Советский ресурс закончился и здесь – интернационализм и заведомо светский характер государства теперь уже не аксиомы, их нужно отстаивать и формулировать по-новому.
Слова Путина о недопустимости национализма и шовинизма, а также о том, что «мы не допустим появления в России замкнутых этнических анклавов со своей неформальной юрисдикцией, живущих вне единого правового и культурного поля страны, с вызовом игнорирующих общепринятые нормы, законы и правила» понятно, к чему и кому обращены. Но современные и учитывающие российскую специфику принципы формирования этого единого правового и культурного поля неясны.
Россия перестает быть империей со всеми преимуществами и недостатками этой формы государственного устройства, но обычным государством-нацией, какими становились остальные колониальные державы после распада, она стать не может в силу сложной композиции.
В результате будущая Россия вместо новой идентичности рискует сочетать в себе негативные стороны того и другого. Возможна ли модель, которая, напротив, дает возможность использовать положительные аспекты имперского и национального построения, пока просто непонятно. Для нее нет подходящей ценностной рамки.

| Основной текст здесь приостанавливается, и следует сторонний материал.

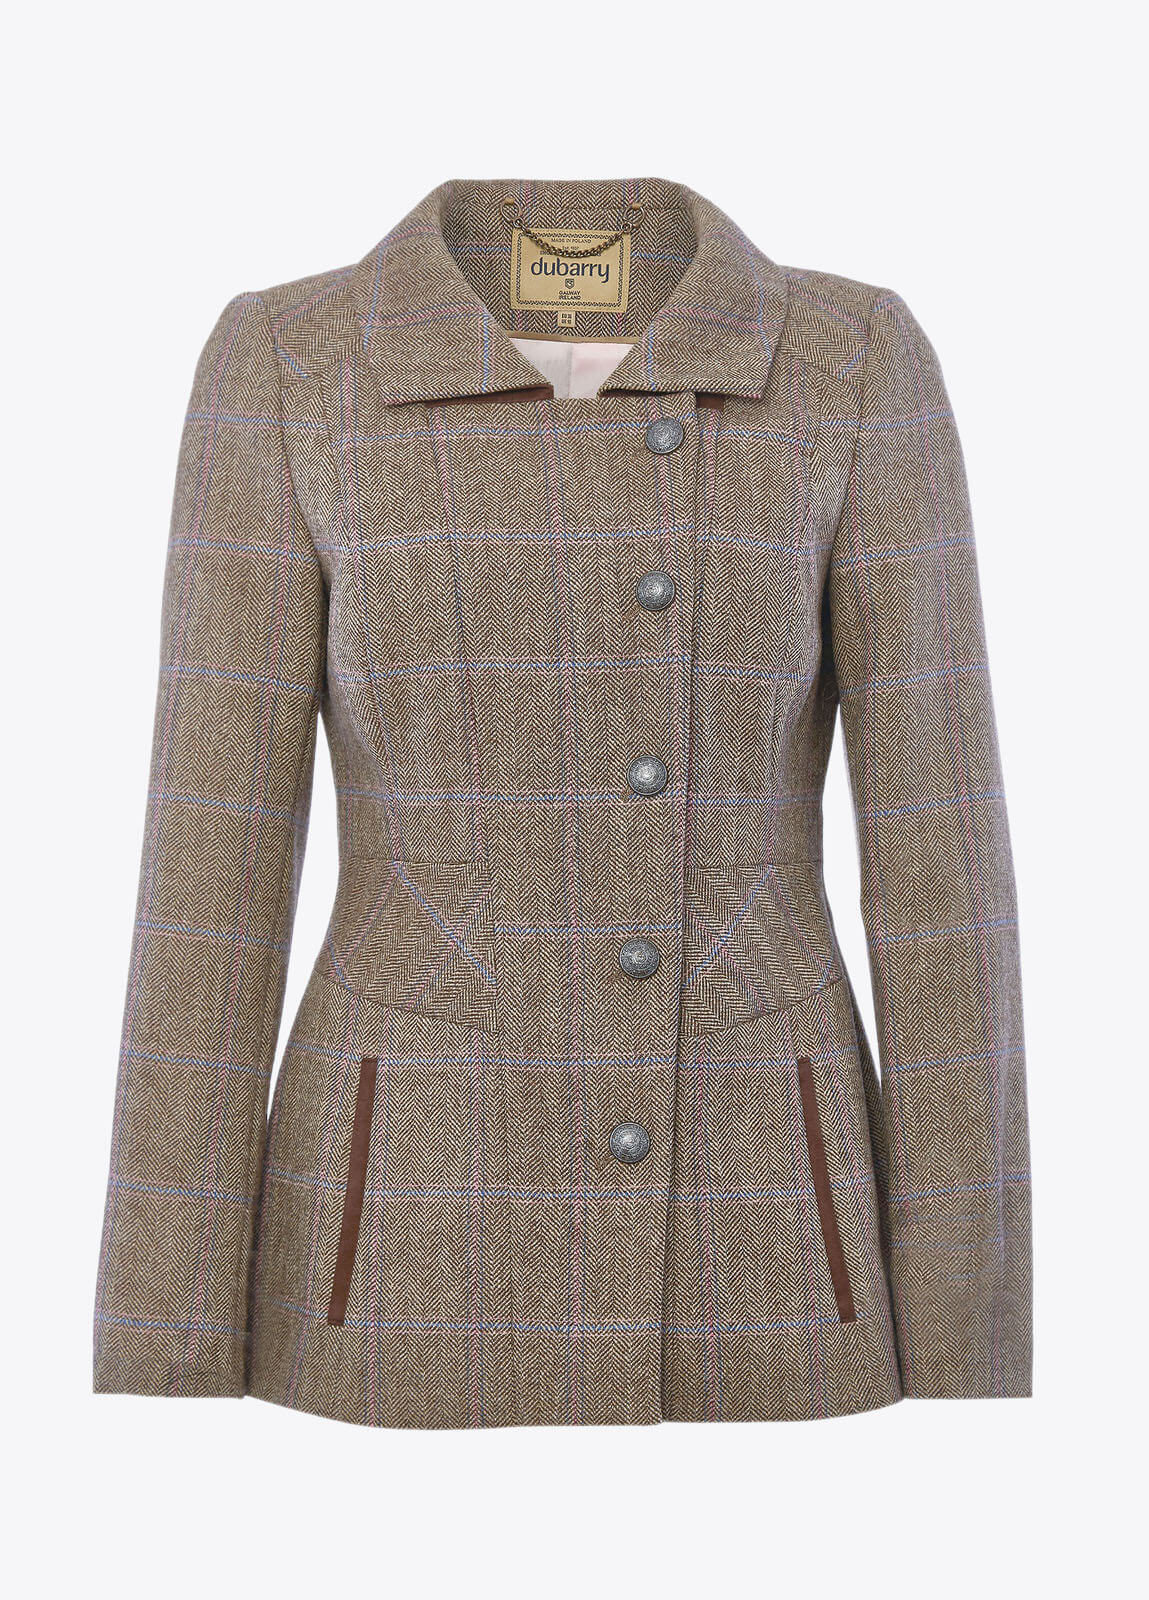 Moorland Tweed Jacket - Woodrose

Неслучайно лейтмотив послания – мораль и нравственность, понятия, которые из уст российских руководителей слышать доводится очень редко. Да и на практике ими не руководствуются. В этом тоже отличие от позднесоветской и постсоветской эпох, каждая из которых по-своему, но отмежевывалась от чего-либо идеального. (Исключение составляли романтики-шестидесятники, затеявшие перестройку, но их быстрый политический крах только усилил отвержение ценностей.) На протяжении многих лет преобразований общественная трансформация воспринималась в основном сугубо экономически, прагматизм заведомо брал верх над любым идеализмом, и верная математическая модель считалась более важной, чем адекватное ценностное содержание. Даже бурные дискуссии о «европейских ценностях» имели политическое и даже геополитическое, но не сущностное измерение.

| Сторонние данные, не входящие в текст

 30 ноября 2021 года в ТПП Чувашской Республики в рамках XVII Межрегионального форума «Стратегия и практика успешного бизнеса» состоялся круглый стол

Сейчас – и путинское послание не единственный знак этого – ценности превращаются в идеологический концепт, хотя разновидность традиционализма, которая на глазах вырастает из страстных столкновений «истинно верующих» и «истинно либеральных» (первые пока берут верх, но еще не вечер) не похожа на что-то, способное дать стимул развитию. Поэтому слова Путина о том, что «нельзя законом установить нравственность», а «попытки государства вторгаться в сферу убеждений и взглядов людей – это, безусловно, проявление тоталитаризма… для нас абсолютно неприемлемо» крайне важны. Хотя бы есть к чему апеллировать, когда петербургские и прочие депутаты в очередной раз начнут устанавливать нравственность законом. В любом случае,
возвращение самого понятия ценностей, пусть пока и в весьма странном виде, в политический лексикон – прогресс по сравнению с самоуверенным цинизмом, который правил бал до сих пор.

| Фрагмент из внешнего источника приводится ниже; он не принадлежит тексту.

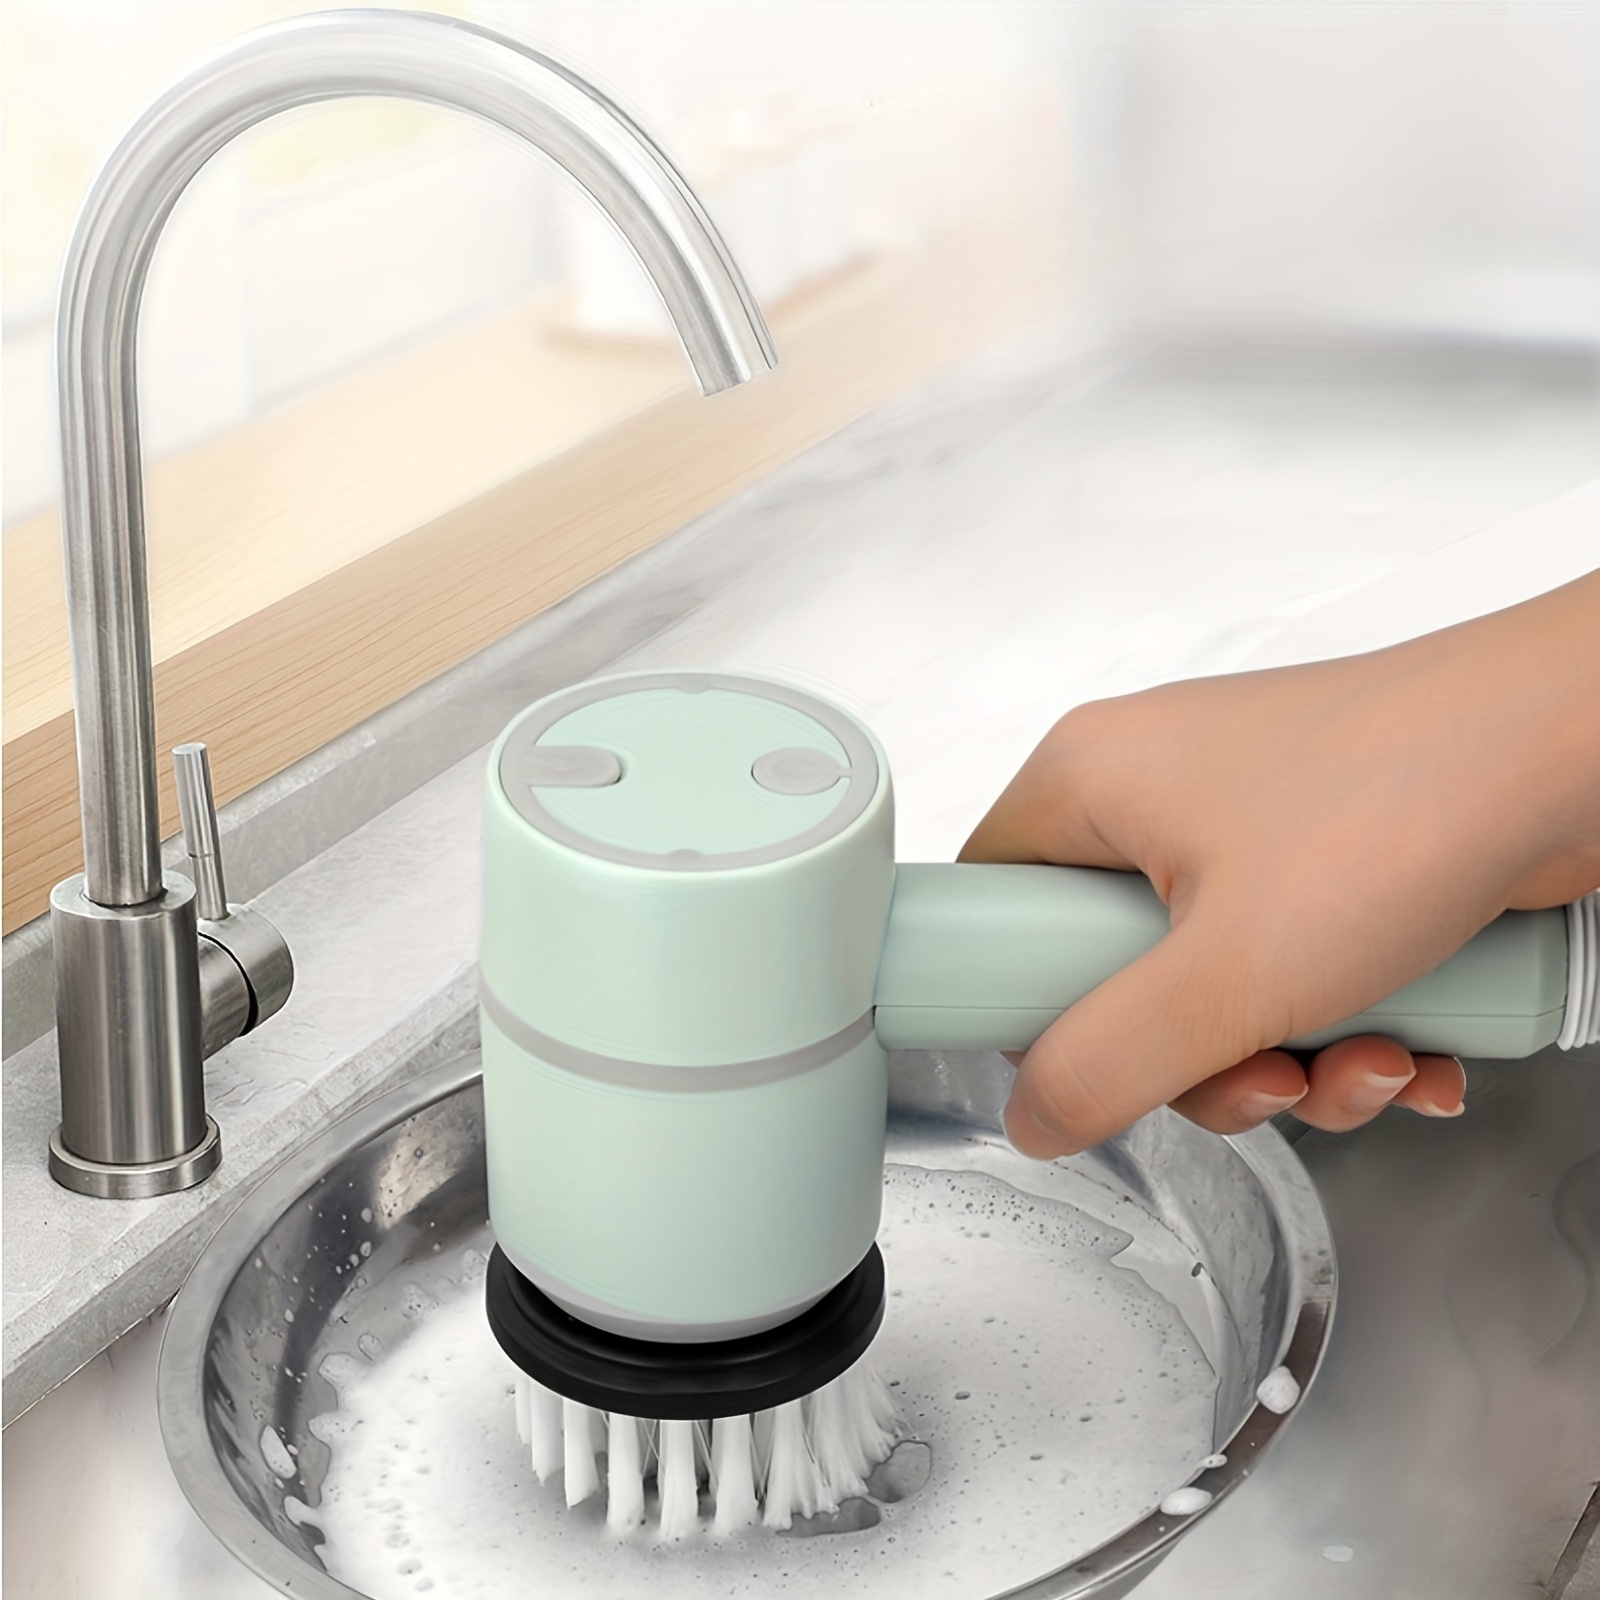 Cleaning Brush Kitchen Household Dishwashing Liquid Brush - Temu

«Если нация не способна себя сберегать и воспроизводить, если она утрачивает жизненные ориентиры и идеалы, ей и внешний враг не нужен, все и так развалится само по себе». Эта неоригинальная мысль могла бы поставить точку под дискуссией о причинах распада СССР, которая не прекращалась все 20 лет. Последние годы стало казаться, что версия «козней врага» становится канонической, но, может быть, теперь что-то изменится. Во всяком случае, эта фраза объясняет, почему в послании, которое, как говорили в Кремле накануне, будет в значительной степени посвящено национальной безопасности, практически ни слова не сказано о внешней политике. Национальная безопасность сегодня – это устойчивое государство с нормальным обществом, все остальное – приложения. И признание этого означает, что в наступающую новую эпоху есть хотя бы шанс правильно расставить приоритеты.